What you will do =
After locating the line that contains "Billedet viser en" in the records below, write out exactly that line and each line after it through the one that contains "北海道 春季 美景 北海道美景", and nothing else.

Available data =
————————

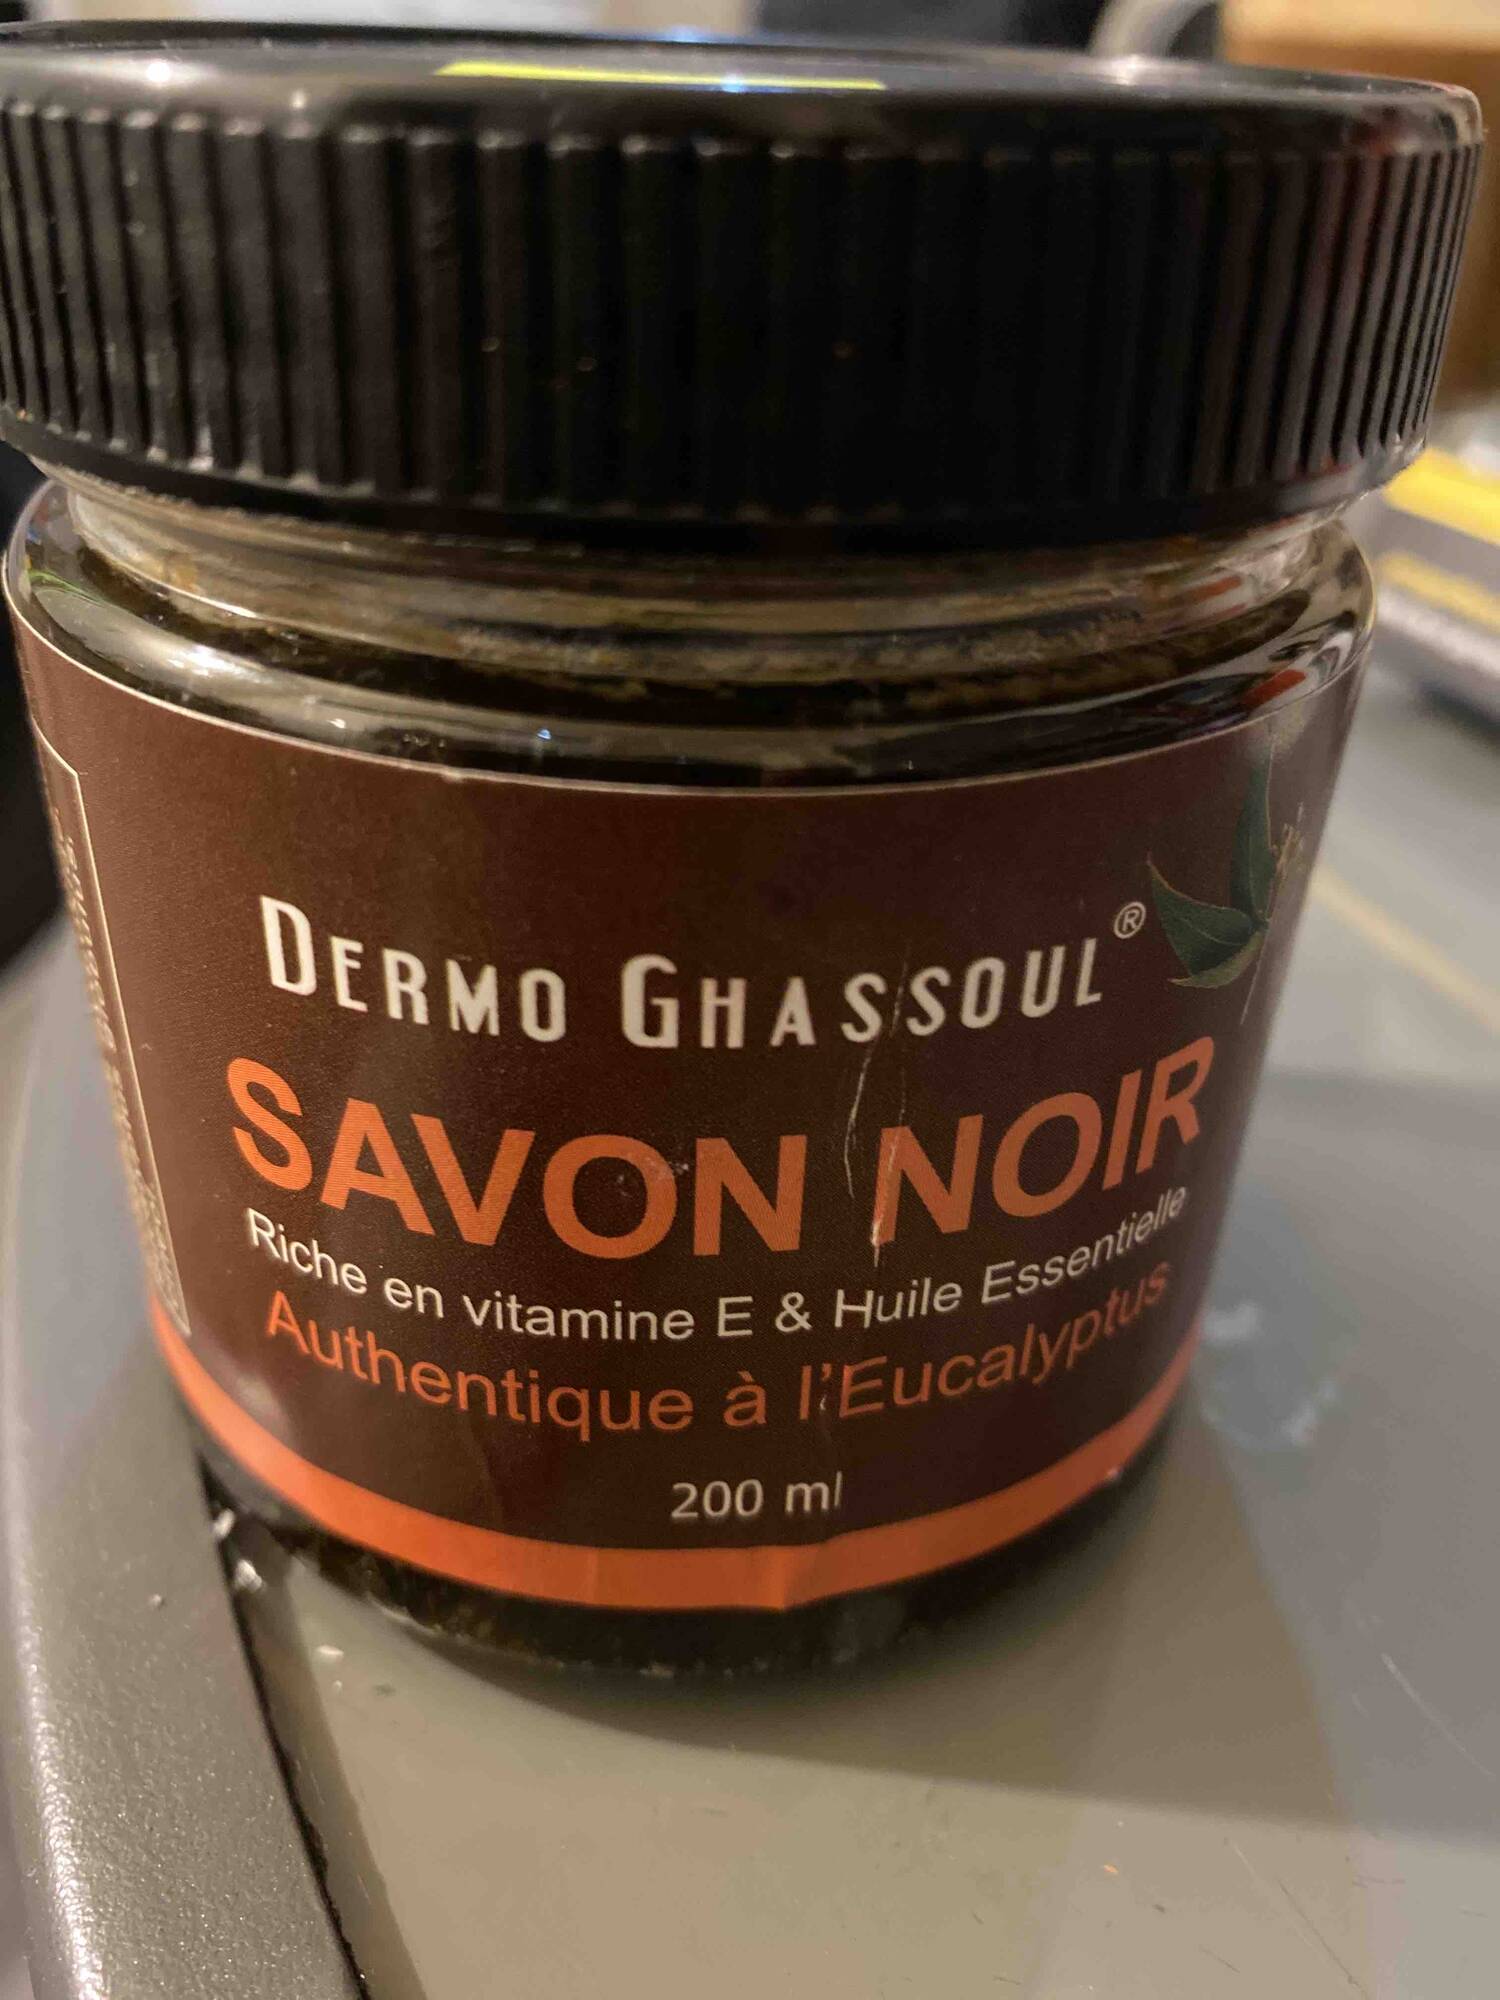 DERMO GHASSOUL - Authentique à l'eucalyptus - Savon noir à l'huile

————————

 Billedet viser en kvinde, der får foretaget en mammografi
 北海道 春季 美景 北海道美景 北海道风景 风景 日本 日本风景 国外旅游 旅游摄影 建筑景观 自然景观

————————

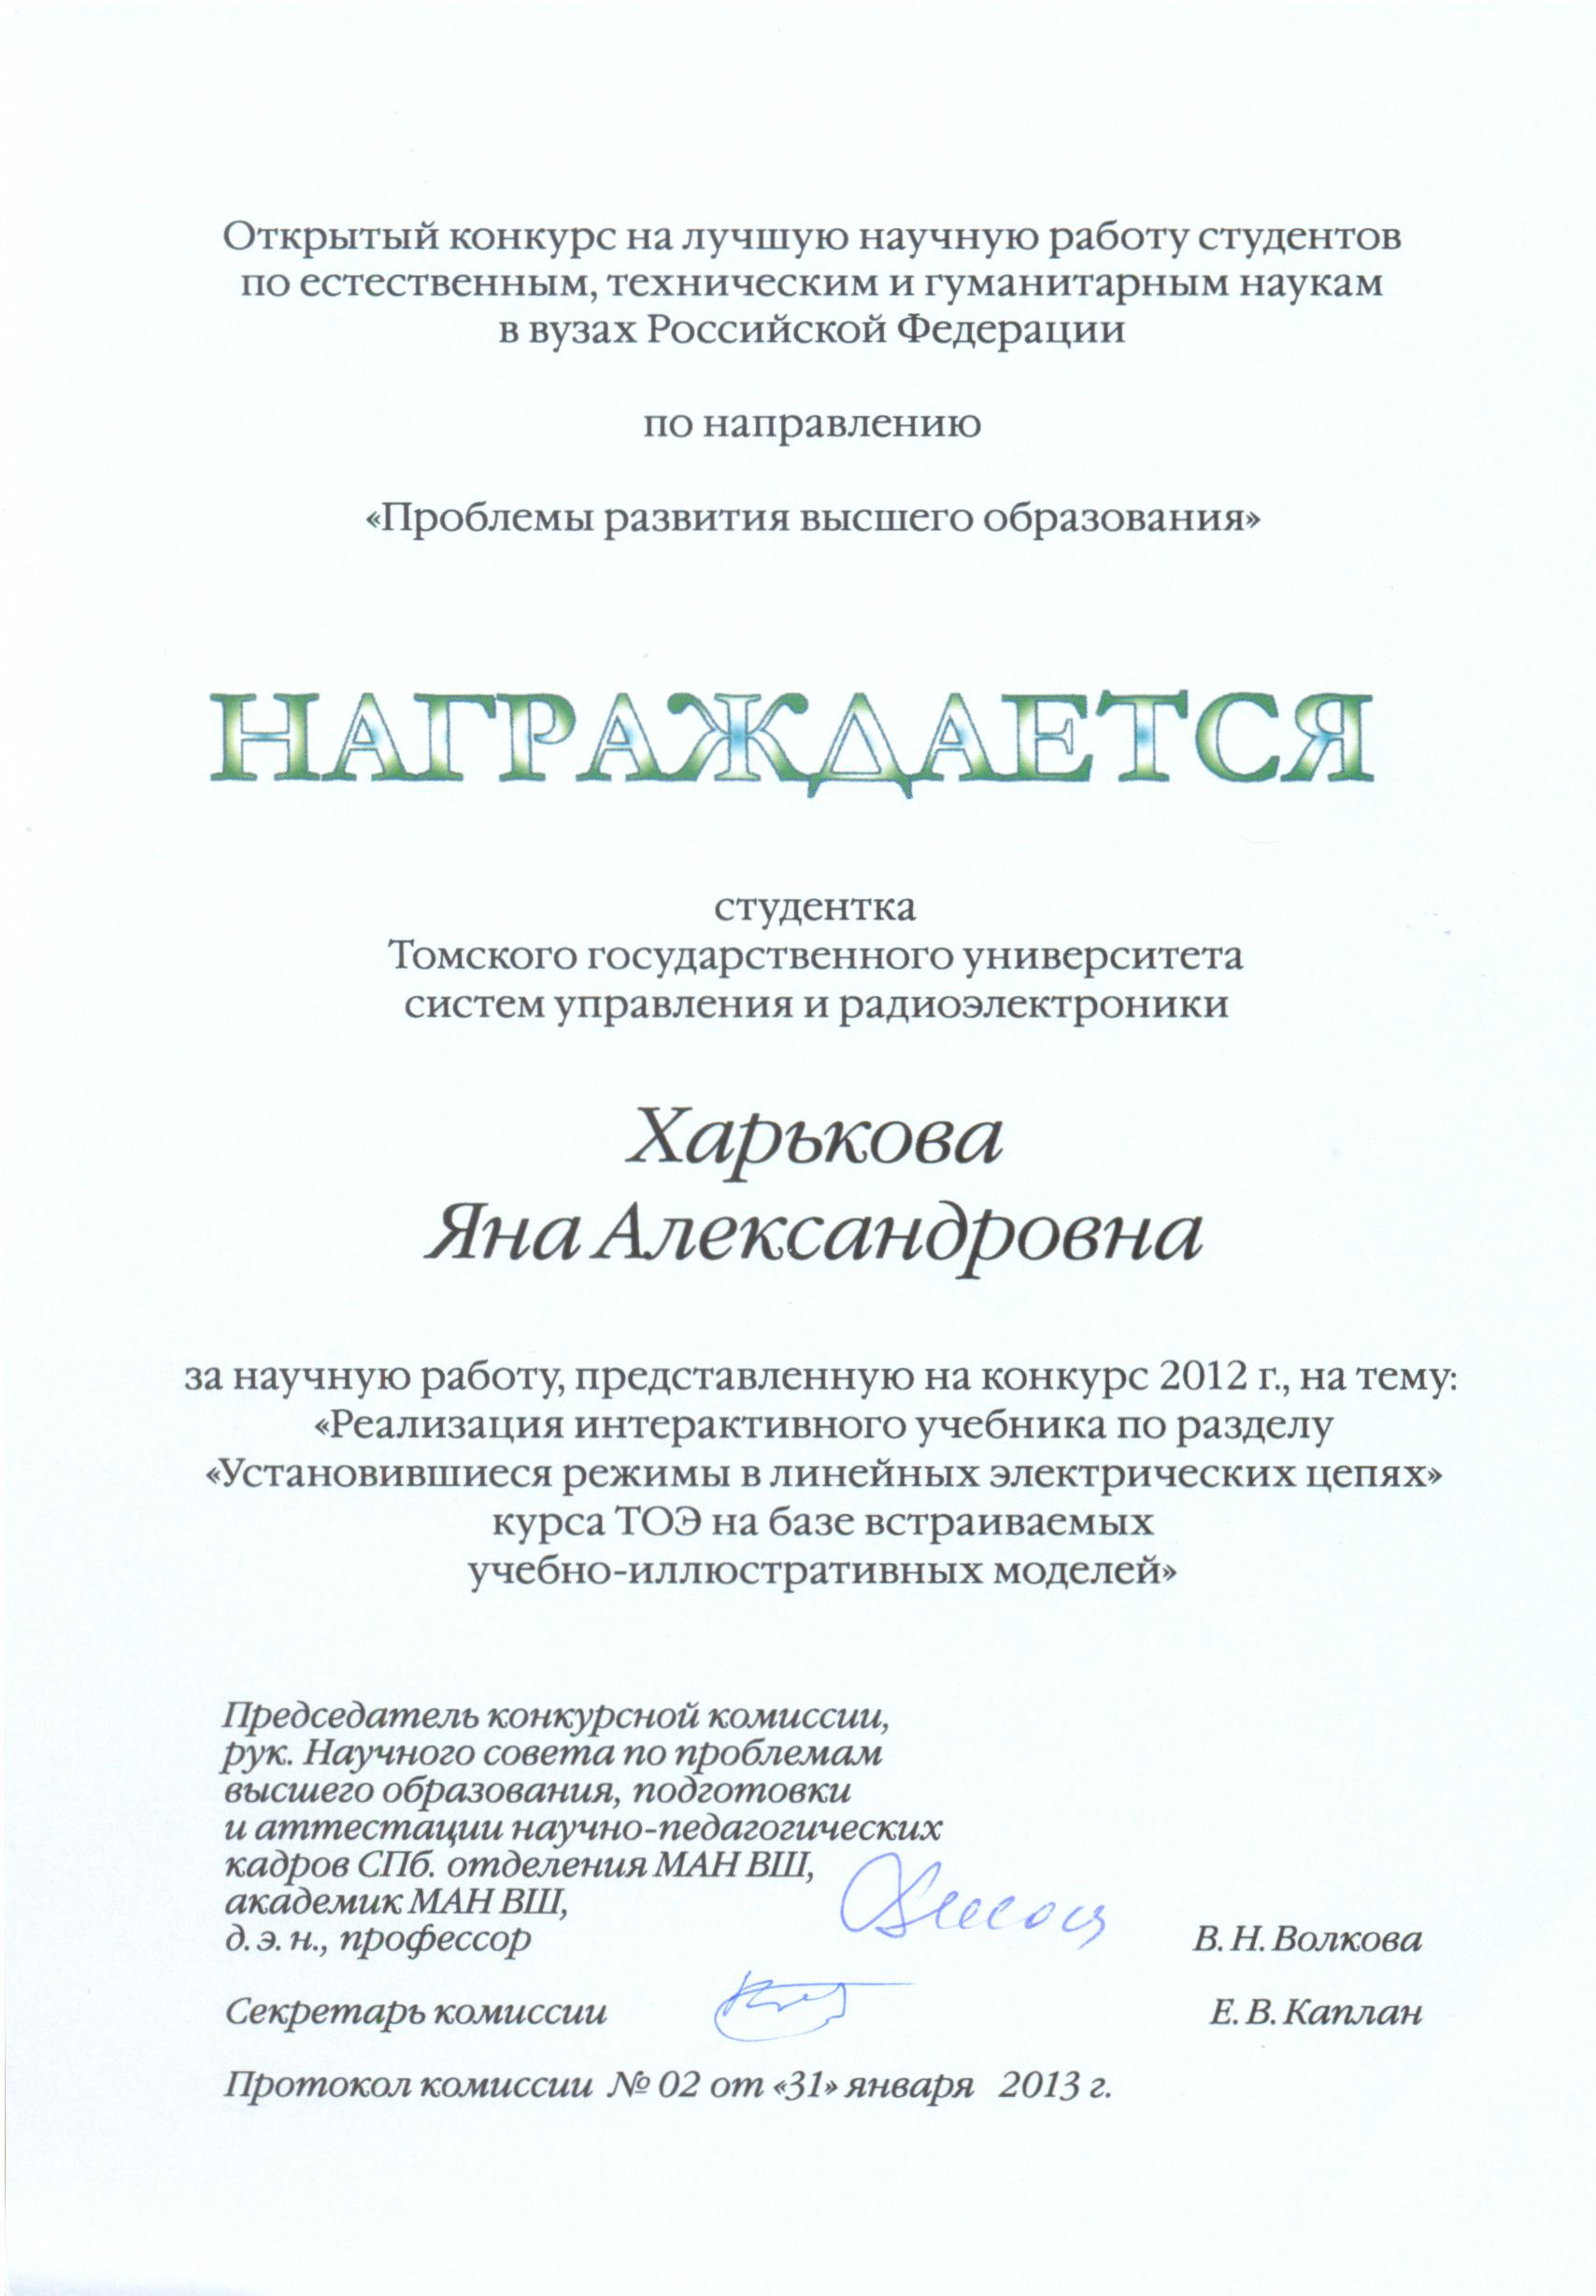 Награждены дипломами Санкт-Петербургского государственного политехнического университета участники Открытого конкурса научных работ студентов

————————

Written response =
 Billedet viser en kvinde, der får foretaget en mammografi
 北海道 春季 美景 北海道美景 北海道风景 风景 日本 日本风景 国外旅游 旅游摄影 建筑景观 自然景观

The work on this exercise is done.